One aspect of the episode which is very, very Roddenberry, and not really touched upon much when Bread and Circuses is discussed, is that it is essentially about personal principles and honour. As we are repeatedly told, the Enterprise is quite capable of laying waste to the Roman planet – whatever perils Kirk and the others face arise solely from their dedication to the principle of the Prime Directive and their duty to the other members of the crew. This being Star Trek, naturally they stick to their principles even in extremis, and in doing so inspire Merik to regain a little of his own honour by assisting them in their escape.

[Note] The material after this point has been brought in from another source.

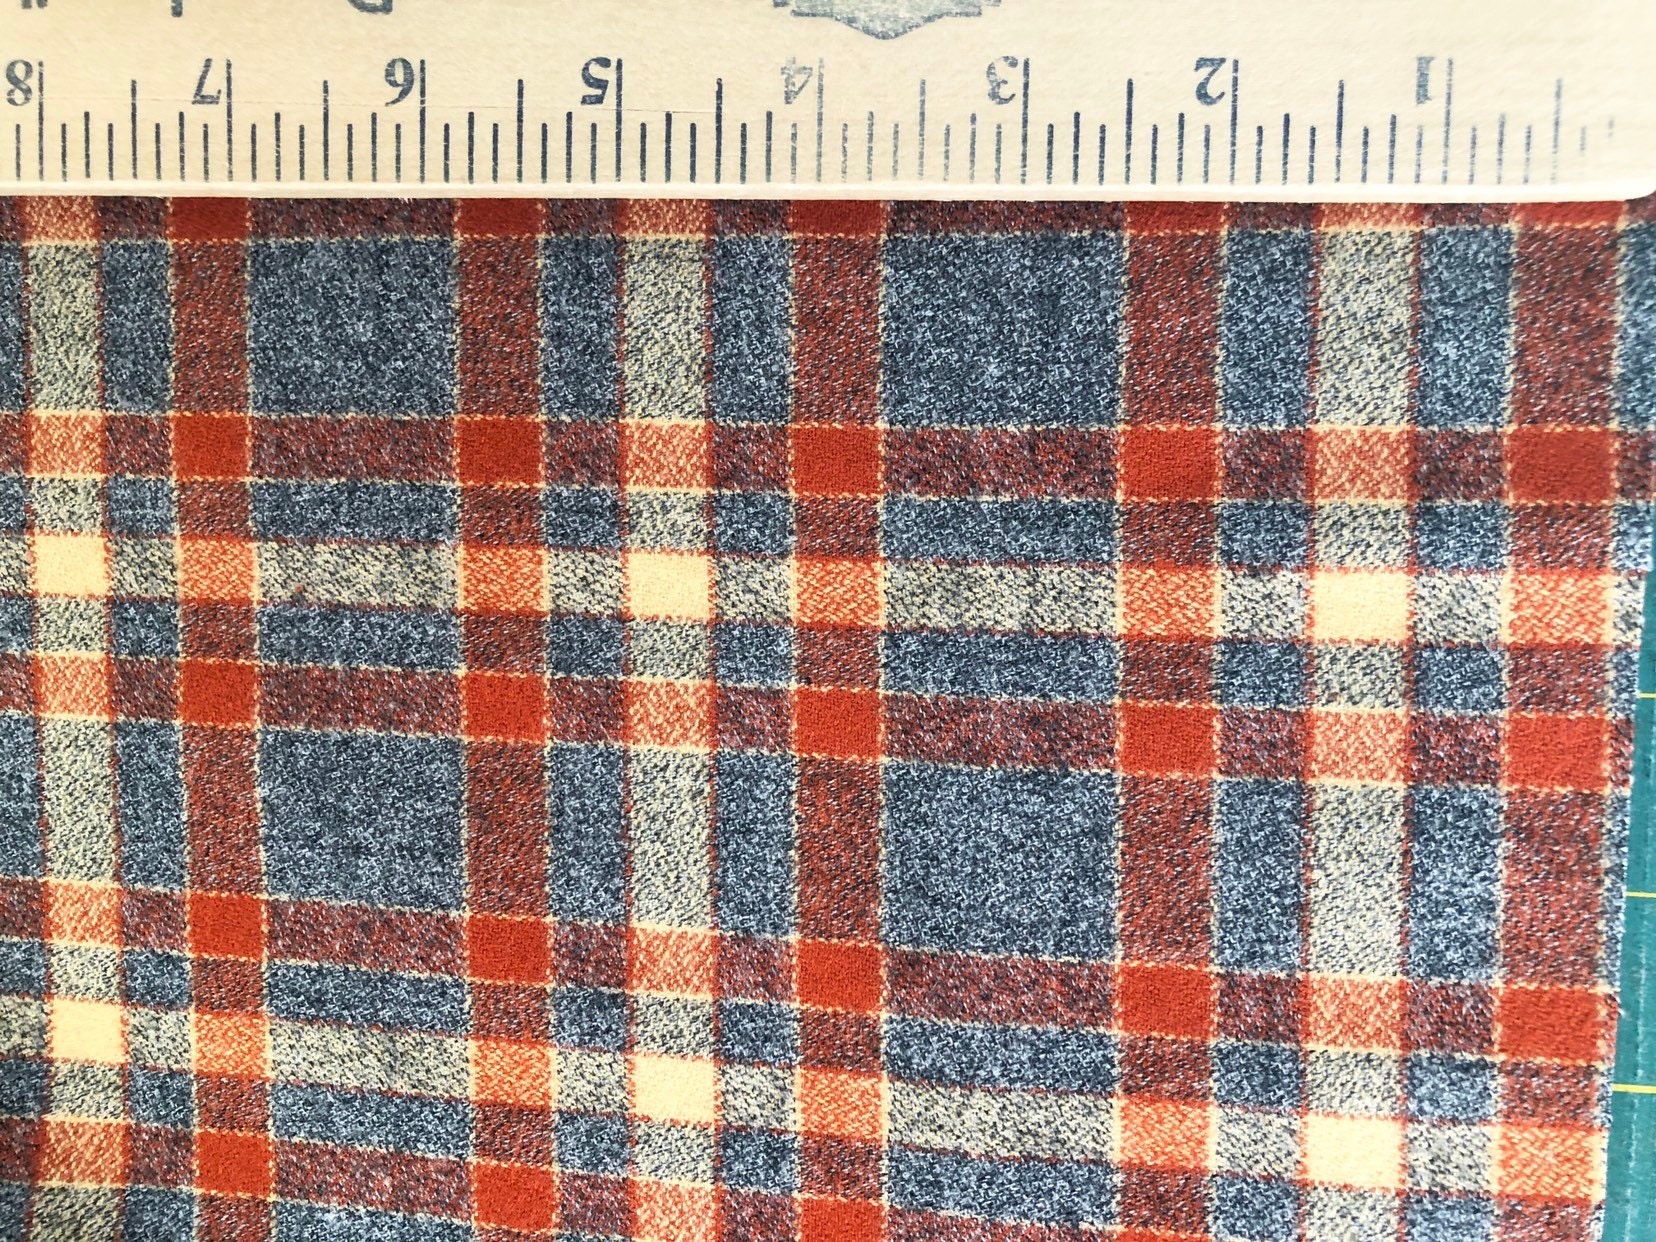 Louis Vuitton Plaid Flannel Fabric Brown - Fabrics From Turkey

And it is just an escape: unlike their visits to the planet of the Nazis or the planet of the gangsters from earlier in the season, things on Romanworld are left more or less unchanged by the end of the Enterprise crew’s visit. (This is one of those rare occasions where the Prime Directive is actually respected, full stop, no quibbling.) It should be a slightly downbeat ending, but it isn’t, and that’s of course due to the rather hokey revelation that the Sun worshippers they’ve been hanging out with all episode are actually Son (of God) worshippers – good job they stressed the (utterly implausible) fact that the Romans speak contemporary English, or this gag would be dead in the water.

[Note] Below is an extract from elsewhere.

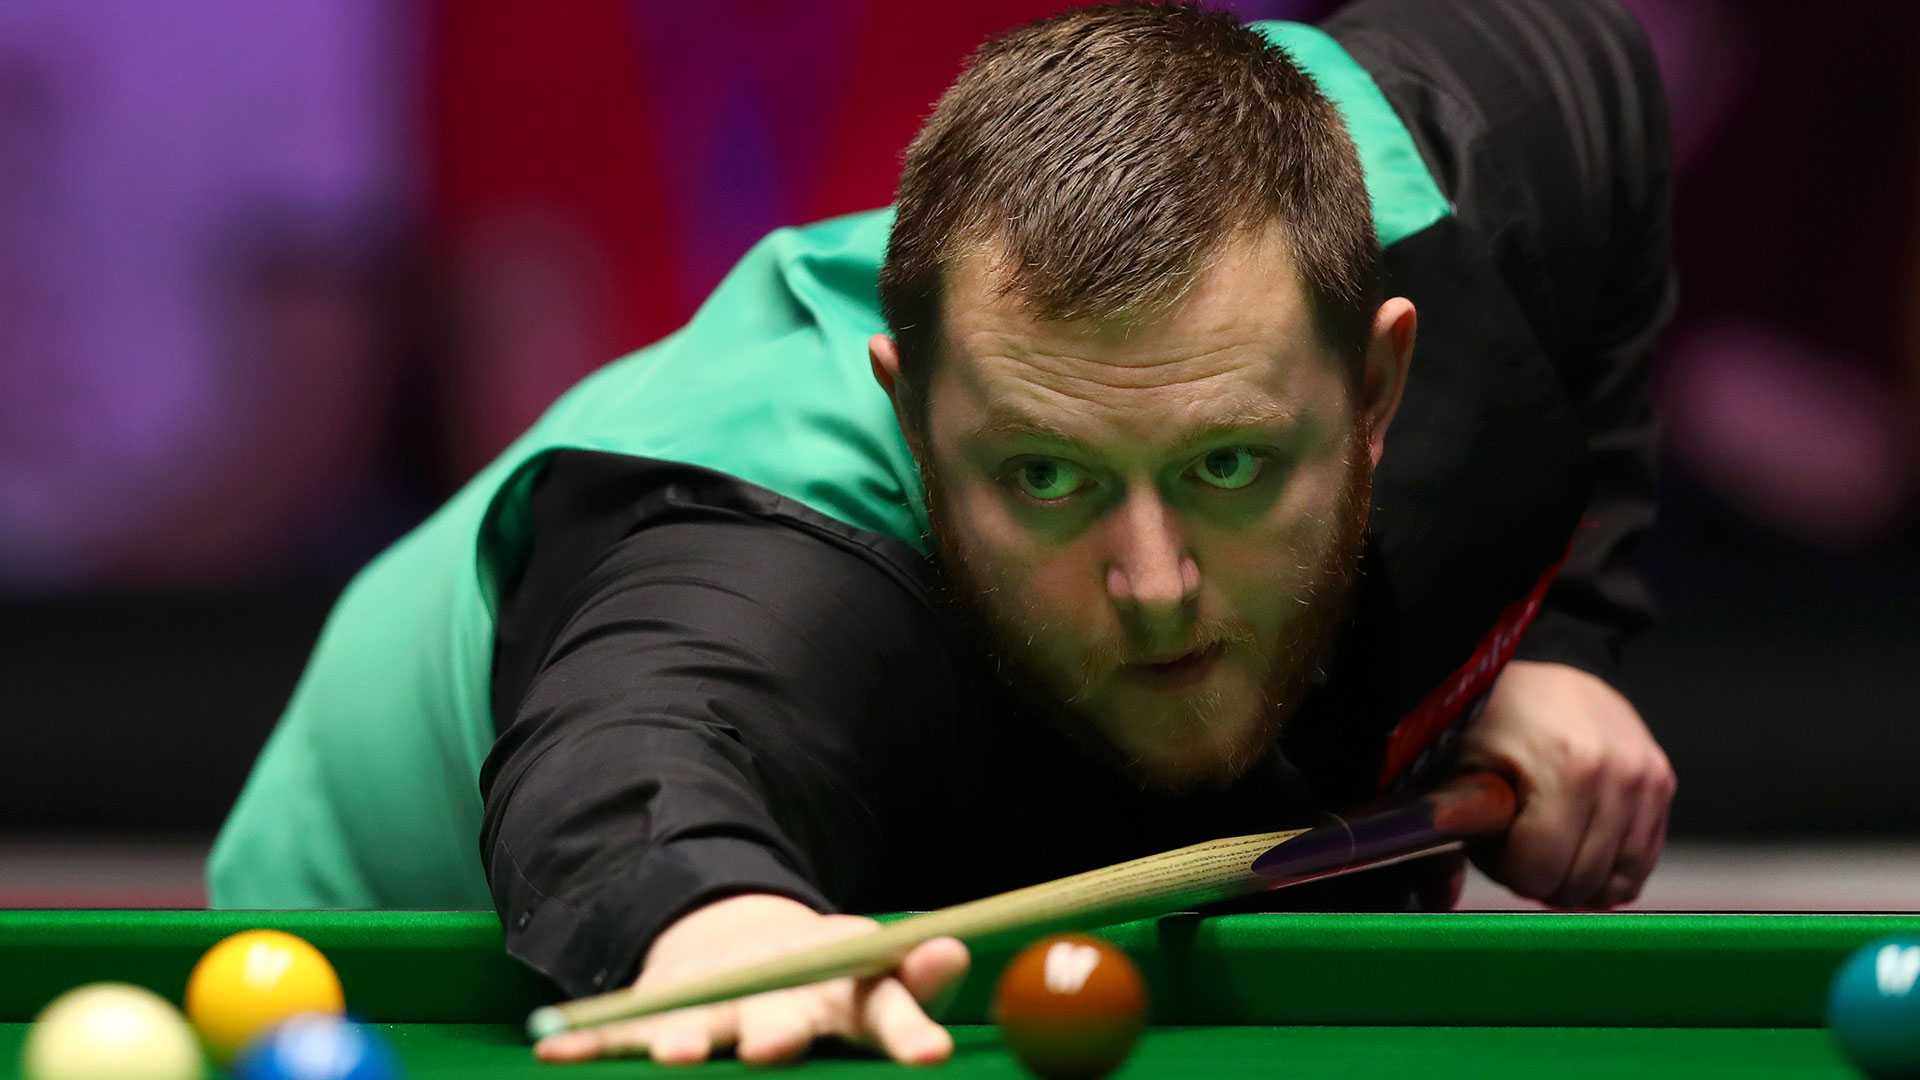 European Masters snooker results and report Mark Allen trounces Ken Doherty 4-0; Mark Williams crashes out

You know, I’m prepared to bet that when and if Star Trek: Discovery appears on our screens, it’s not going to include scenes where members of the supposedly humanistic and (at best) agnostic Federation sit around marvelling at the explicit influence of the Christian God over interplanetary affairs. (Kirk almost seems ready to beam back down and start handing out tracts outside railway stations.) There are few things that drive home the cultural shift from Judaeo-Christian dominance to humanistic pluralism quite as powerfully as the fact that this scene, which seems so peculiar to a 21st century audience, probably felt quite unexceptional to many people watching it in 1968.

So there is, in the end, a weird clash of moralities going on in this episode – on the one hand, the studied moral relativism of the Federation, as embodied in the Prime Directive, where it is totally wrong to assume any single ethical perspective has primacy. And on the other, the will of God, which seems to be pretty much the same across the galaxy. (Actually, if we assume the existence of God, as the episode clearly does, it goes a long way towards explaining just why there are so many identical planets where people speak English in the galaxy – things don’t have to make scientifically rational sense in a theistic universe.) I expect this gives many people a good reason to dislike Bread and Circuses, but, to be honest, the rest of the episode is so strong in the particular virtues of Star Trek that the theological craziness just makes me like it a bit more.